Comparative Example 3
[0070] Into a 2-liter glass polymerization vessel equipped with a
reflux condenser, a thermometer and a nitrogen inlet port, 2900 g
of ion-exchanged water and 100 g of PVA-4 were placed and
completely dissolved at 95.degree. C. Then, this PVA aqueous
solution was cooled followed by performing nitrogen substitution,
and after adjusting to 60.degree. C., 500 g of glycidyl
methacrylate and 5 g of an aqueous solution of 10% sodium tartrate
were added thereto while stirring at 130 rpm. Subsequently, 50 g of
0.5% hydrogen peroxide solution was continuously dripped over 3
hours to perform emulsion polymerization. After 3 hours, an aqueous
dispersion with 19.7% solid content was obtained. To 100 g solid
content of the resulting aqueous dispersion, 100 g of an aqueous
solution of 20% tartaric acid as the water resistant additive was
added to prepare a composition. The composition was evaluated in
the same way as in Example 1, and results are collectively shown in
Table 1.
Comparative Example 4
[0071] Into a 2-liter glass polymerization vessel equipped with a
reflux condenser, a thermometer and a nitrogen inlet port, 2250 g
of ion-exchanged water and 100 g of PVA-1 were placed and
completely dissolved at 95.degree. C. Then, this PVA aqueous
solution was cooled followed by performing nitrogen substitution,
and after adjusting to 60.degree. C., 250 g of glycidyl
methacrylate and 5 g of an aqueous solution of 10% sodium tartrate
were added thereto while stirring at 130 rpm. Subsequently, 50 g of
0.5% hydrogen peroxide solution was continuously dripped over 3
hours to perform emulsion polymerization. After 3 hours, an aqueous
dispersion with 14.6% solid content was obtained. To 100 g solid
content of the resulting aqueous dispersion, 100 g of an aqueous
solution of 20% tartaric acid as the water resistant additive was
added to prepare a composition. The composition was evaluated in
the same way as in Example 1, and results are collectively shown in
Table 1.
Comparative Example 5
[0072] Into a 2-liter glass polymerization vessel equipped with a
reflux condenser, a thermometer and a nitrogen inlet port, 2900 g
of ion-exchanged water and 100 g of PVA-4 were placed and
completely dissolved at 95.degree.

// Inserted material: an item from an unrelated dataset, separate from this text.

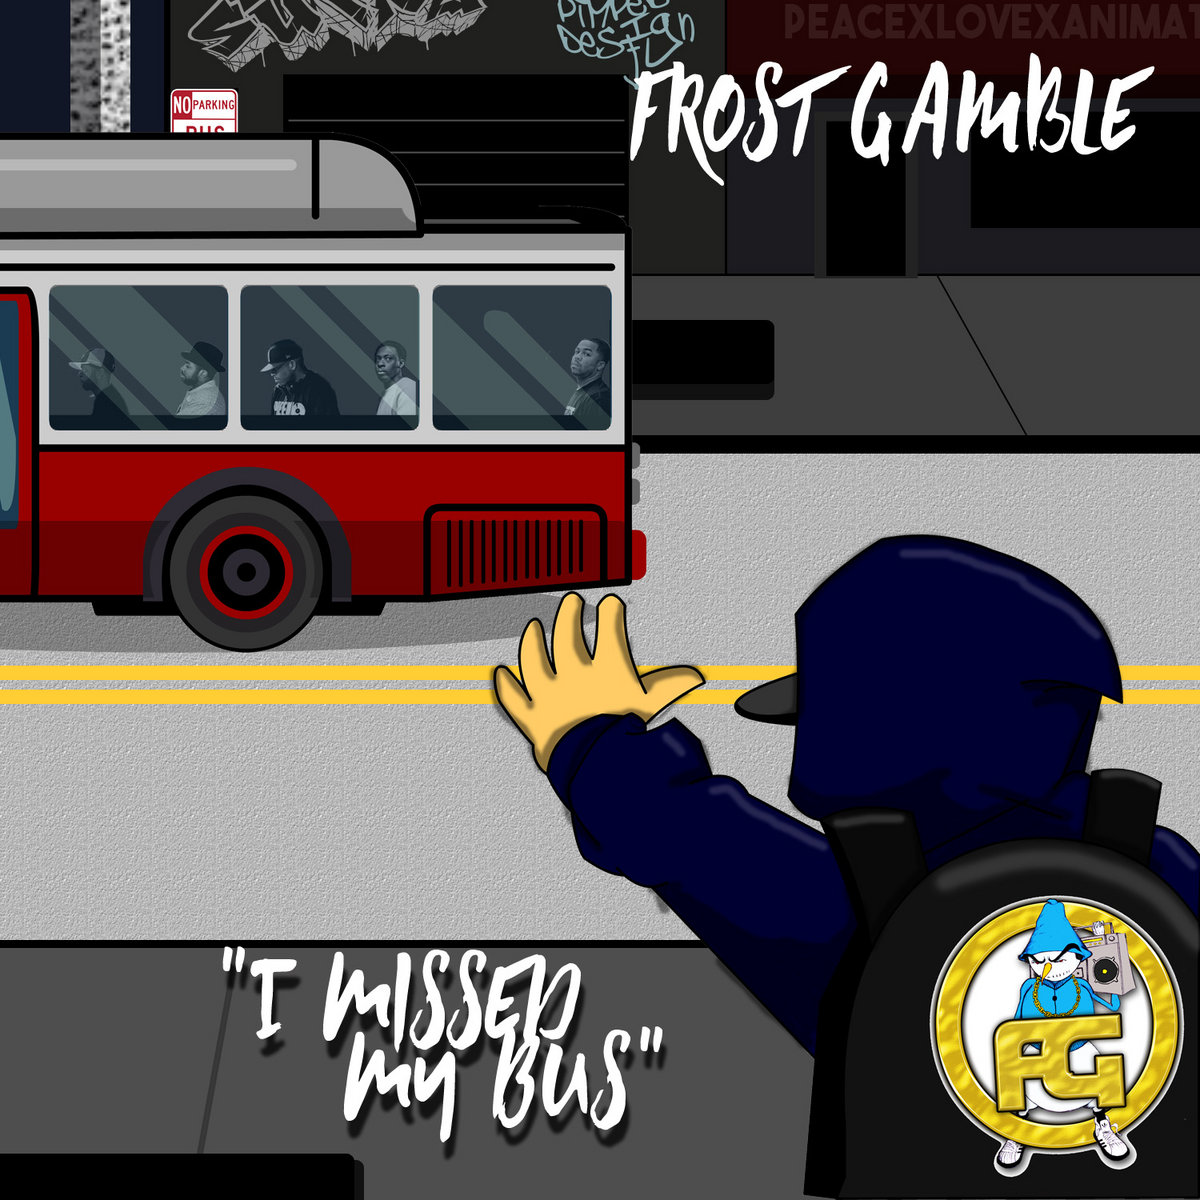 I_missed_my_bus_frost_gamble

C. Then, this PVA aqueous
solution was cooled followed by performing nitrogen substitution,
and after adjusting to 60.degree. C., 500 g of glycidyl
methacrylate, 2.5 g of lauryl mercaptan and 5 g of an aqueous
solution of 10% sodium tartrate were added thereto while stirring
at 130 rpm. Subsequently, 50 g of 0.5% hydrogen peroxide solution
was continuously dripped over 3 hours to perform emulsion
polymerization. After 3 hours, an aqueous dispersion with 19.6%
solid content was obtained. To 100 g solid content of the resulting
aqueous dispersion, 100 g of an aqueous solution of 20% tartaric
acid as the water resistant additive was added to prepare a
composition. The composition was evaluated in the same way as in
Example 1, and the results are collectively shown in Table 1.
Example 6
[0073] The evaluation was performed in the same way as in Example 4
except that the same amount of ethylenediamine was used in place of
tartaric acid used in Example 4. The results are collectively shown
in Table 1.
Example 7
[0074] Into a 2-liter glass polymerization vessel equipped with a
reflux condenser, a thermometer and a nitrogen inlet port, 900 g of
ion-exchanged water and 100 g of PVA-5 (polymerization degree:
1700, saponification degree: 98 mol %, 1,2-glycol bond amount: 2.2
mol %) were placed and completely dissolved at 95.degree. C. Then,
this PVA aqueous solution was cooled followed by performing
nitrogen substitution, and after adjusting to 60.degree. C., 50 g
of glycidyl methacrylate and 5 g of an aqueous solution of 10%
sodium tartrate were added thereto while stirring at 130 rpm.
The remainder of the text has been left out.